Tsuneyoshi Saito (斎藤 恒芳, Saitō Tsuneyoshi) is a Japanese composer and arranger for anime shows and video games. He composed the original music for the third Tenchi Muyo! film Tenchi Forever! The Movie, the feature anime film xxxHolic: A Midsummer Night's Dream, the Fafner anime series including the original anime series, its feature film Fafner: Heaven and Earth, and its 2014 sequel Fafner: Exodus He composed and arranged the soundtrack for the anime series Dennō Coil, Kamen Rider Kiva, and Idolmaster: Xenoglossia. In video games, he co-composed music for Professor Layton and the Eternal Diva, and co-arranged the music for Final Fantasy VI that appears on the album Final Fantasy VI Grand Finale.

In addition to anime and video game music, he was involved in a Japanese band called Kryzler & Kompany which formed while he was in college. He served as the keyboardist, with Taro Hakase on violin and Yoshinobu Takeshita on bass. Their first eponymous album was released in September 1990 and sold 74,000 copies. Their second, Kryzler And Company #, sold over 81,000 copies.
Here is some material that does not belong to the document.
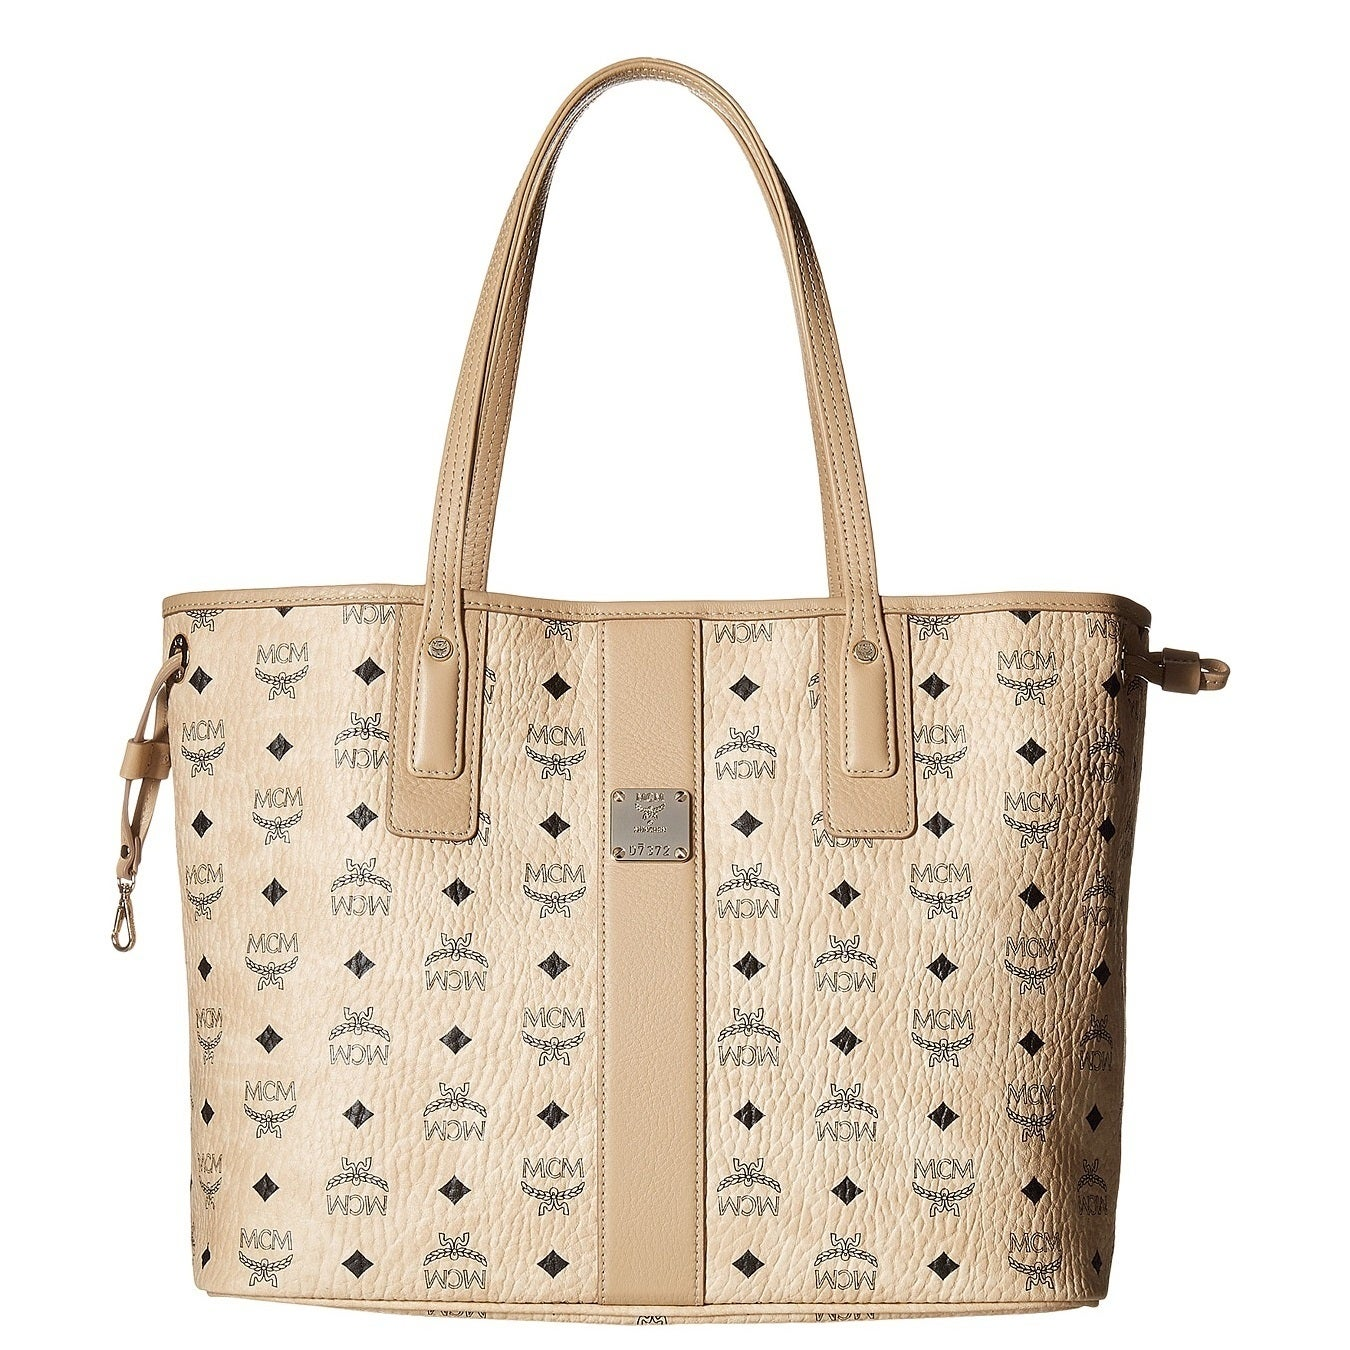 8f3b0532a214f9 Designer Handbags | Find Great Designer Store Deals Shopping at Overstock

Steve McClure of Billboard wrote that they have become "Japan's unlikeliest pop idols, attracting hordes of screaming fans, a far cry from the decorum and reserve usually shown by Japan's classical music audiences." One of the band's greatest claims to fame was providing the music for Celine Dion's single "To Love You More" which was recorded the theme song for the Japanese drama Koibito Yo (My Dear Lover). The song reached number one on Billboard Japan. The group produced 11 albums before going on hiatus as Hakase pursued a solo career. In February 2015, the group released a new album New World to commemorate their 25th anniversary.